Однако, подумав, я пришел к заключению, что если в форт не войдет подкрепление, то в нем скоро будут туареги. Поэтому чем скорее я уйду, тем лучше. Я наелся досыта и выпил как можно больше. Потом надел мешок и вернулся на крышу, чтобы осмотреться. Если я увижу где-нибудь туарегов, то попытаюсь бежать в противоположном направлении. Если их нигде не будет видно, то лучше всего бежать в сторону, противоположную оазису.
Я посмотрел во все стороны. Ничто не указывало на близость туарегов. Возможно, они ушли, хотя, конечно, они могли лежать за песчаными холмами или сидеть в оазисе. Я взглянул на Лежона. Следует ли мне вынуть из его груди свой штык? Нет, этого не следовало делать. Все равно не удалось бы скрыть, что он убит не противником, а кем-то из своих солдат. Кроме того, я не имел оснований стыдиться этого убийства. Я убил его, потому что иначе он убил бы меня. Пусть штык останется, тем более что он мне больше не нужен.
- Прощай, Майк! - сказал я, и в этот самый момент в полной тишине раздалось несколько выстрелов.
Туареги? Нет, это не были винтовочные выстрелы, и они не были произведены по форту. Это было совершенно ясно по звуку. Согнувшись, я подбежал к одной из амбразур и взглянул. Вдалеке, на верхушке песчаного холма, стоял всадник на верблюде. Он махал рукой и стрелял из револьвера в воздух. На нем была форма французского офицера.
Очевидно, прибыло подкрепление из Токоту, и мне пора было бежать, иначе меня приговорит к смерти военный суд за убийство моего начальника перед лицом неприятеля…
Кстати, об этом неприятеле: куда он девался?
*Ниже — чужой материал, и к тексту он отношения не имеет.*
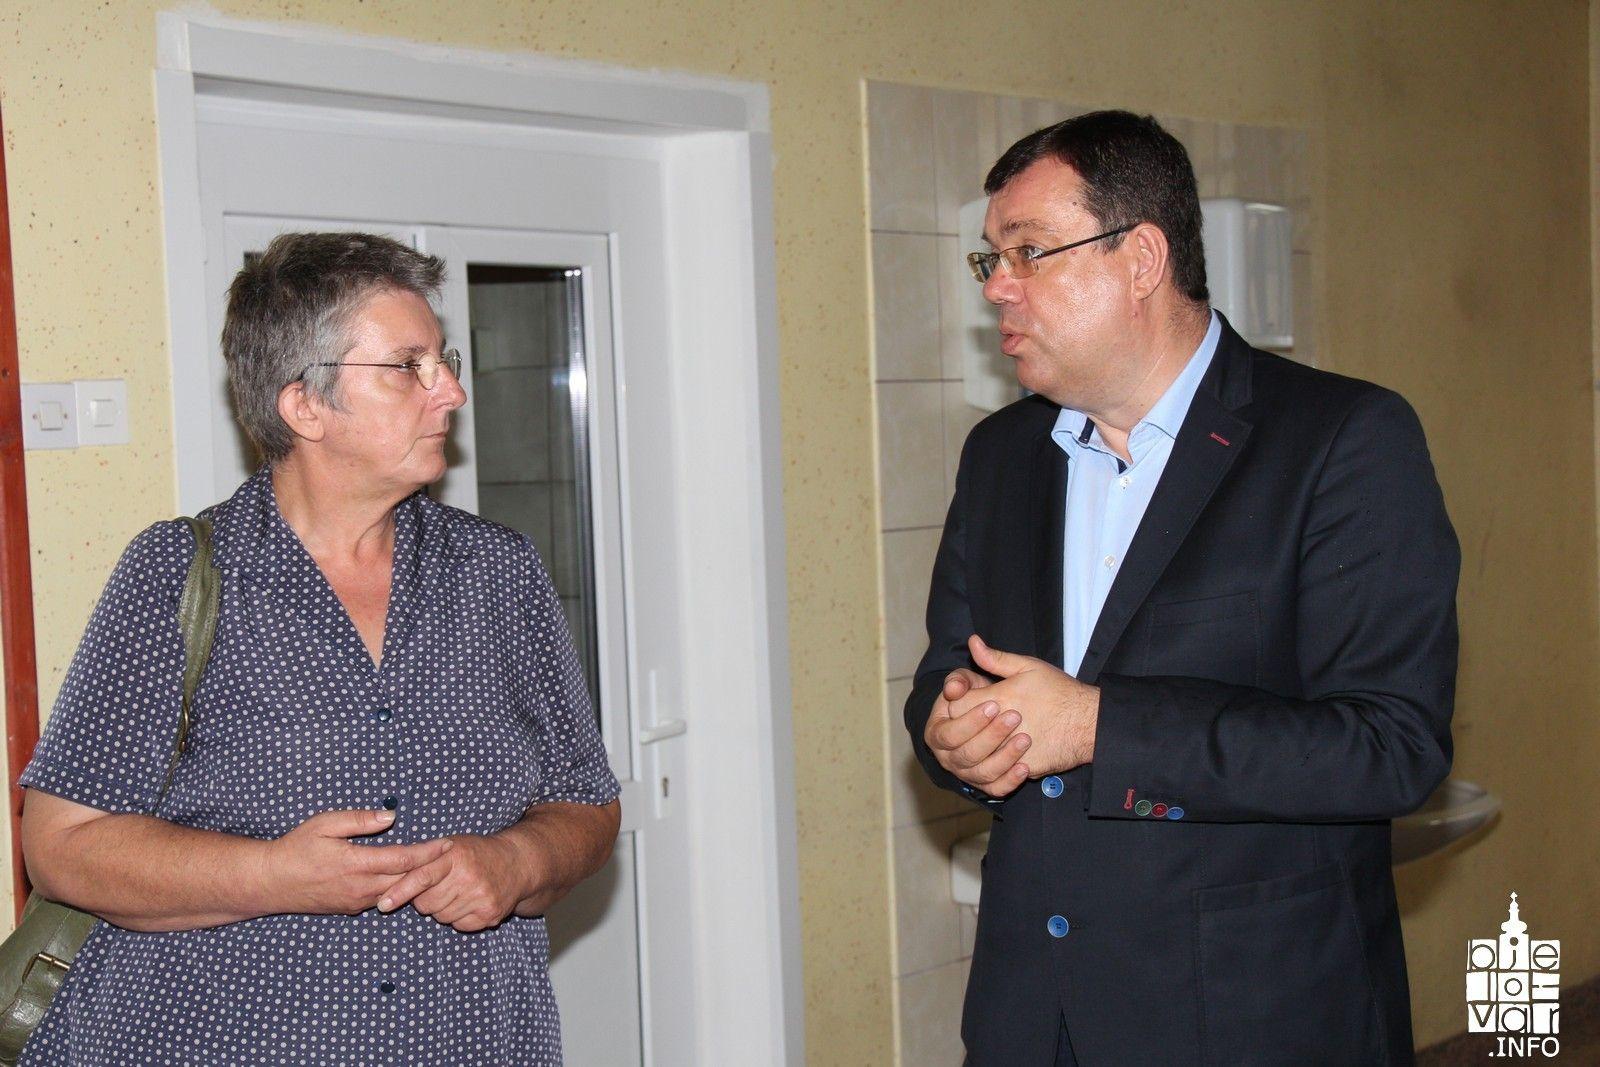 Najavljena kategorizacija bjelovarskog Đačkog doma u hostel
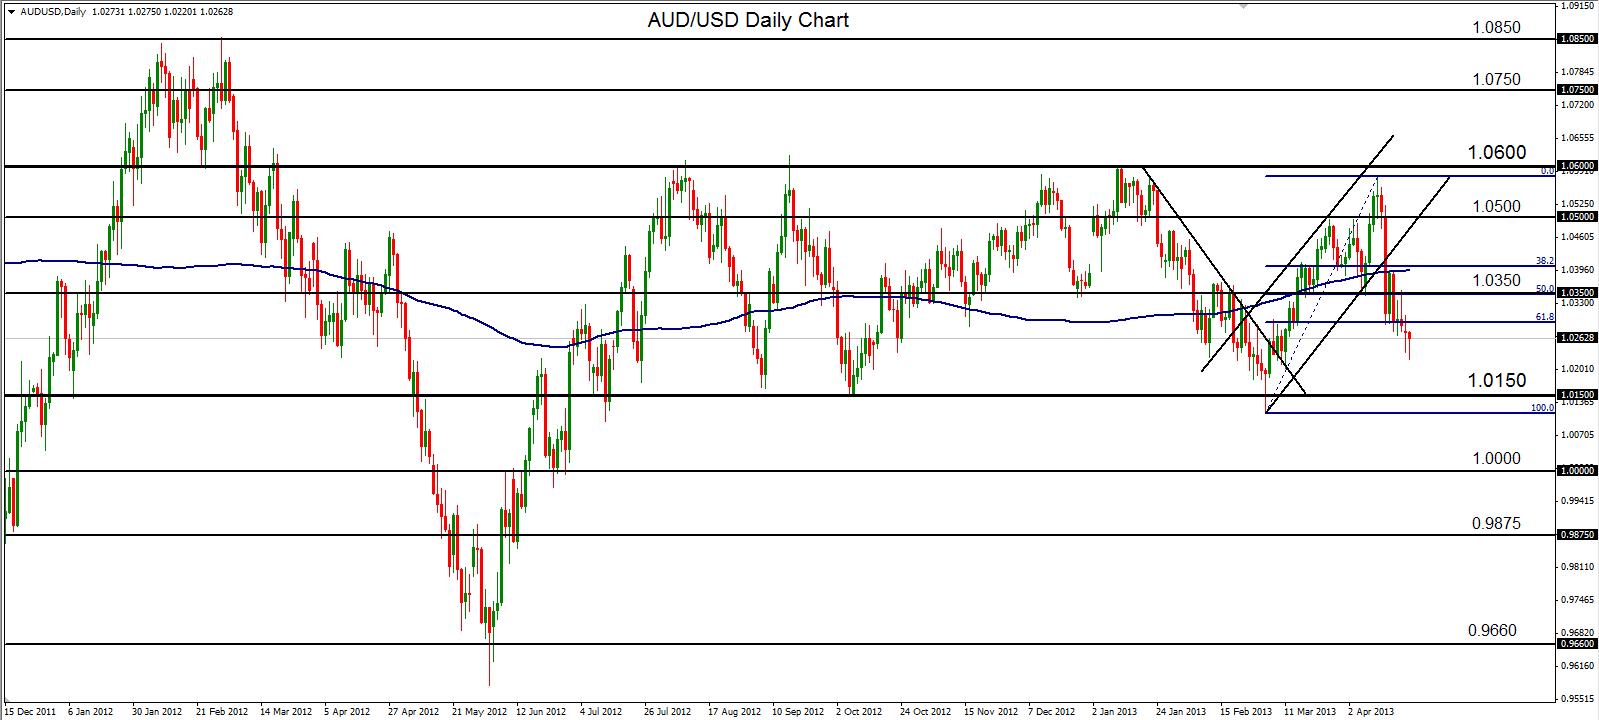 USD JPY remains pressured around 100 on persistent Fed BoJ uncertainty

Ведь, может быть, туареги ждут прибытия нашего подкрепления. Тогда этот офицер едет прямо на смерть, прямо в западню, приманкой для которой служит трехцветный флаг, развевающийся над фортом. Может быть, именно поэтому туареги и не напали на рассвете. Они могли решить, что выгоднее было бы перебить сперва всю колонну подкрепления, а потом снова напасть на форт.
Тут я почувствовал, что должен предупредить ничего не подозревающего офицера.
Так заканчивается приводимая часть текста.